● **TASK DIRECTIONS**
Retype the listing exactly. Leave out the images.

● **DATA PROVIDED**
━━━
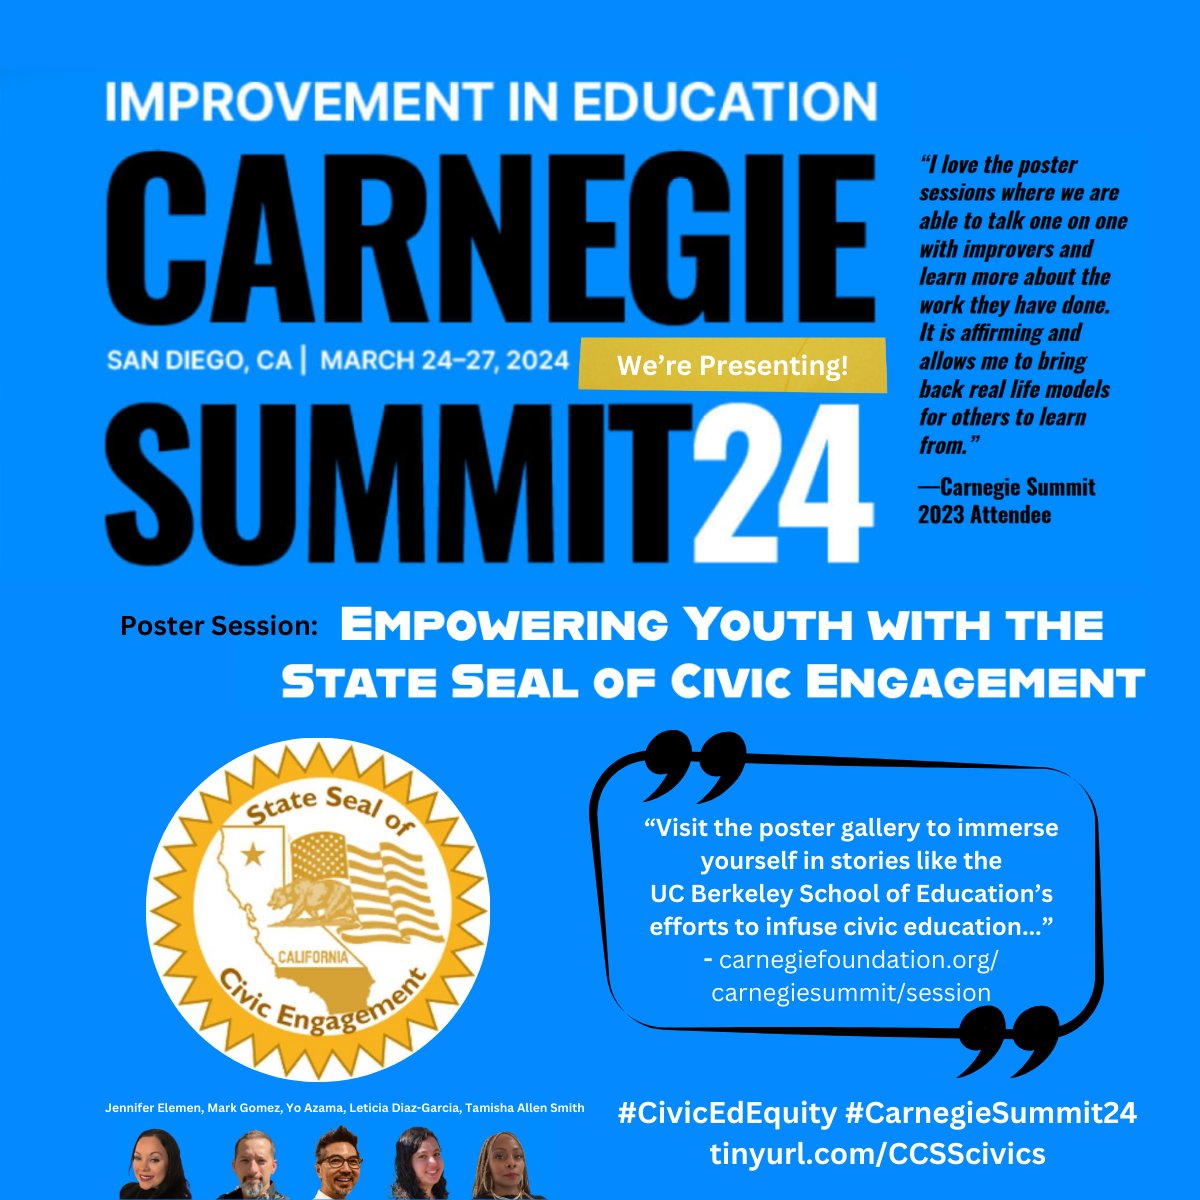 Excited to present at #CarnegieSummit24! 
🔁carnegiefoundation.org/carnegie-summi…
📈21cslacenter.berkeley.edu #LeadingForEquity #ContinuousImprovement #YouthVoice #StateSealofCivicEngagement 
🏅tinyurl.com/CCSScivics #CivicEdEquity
━━━
● **ANSWER TO THIS PROBLEM**
 Excited to present at #CarnegieSummit24! 
🔁carnegiefoundation.org/carnegie-summi…
📈21cslacenter.berkeley.edu #LeadingForEquity #ContinuousImprovement #YouthVoice #StateSealofCivicEngagement 
🏅tinyurl.com/CCSScivics #CivicEdEquity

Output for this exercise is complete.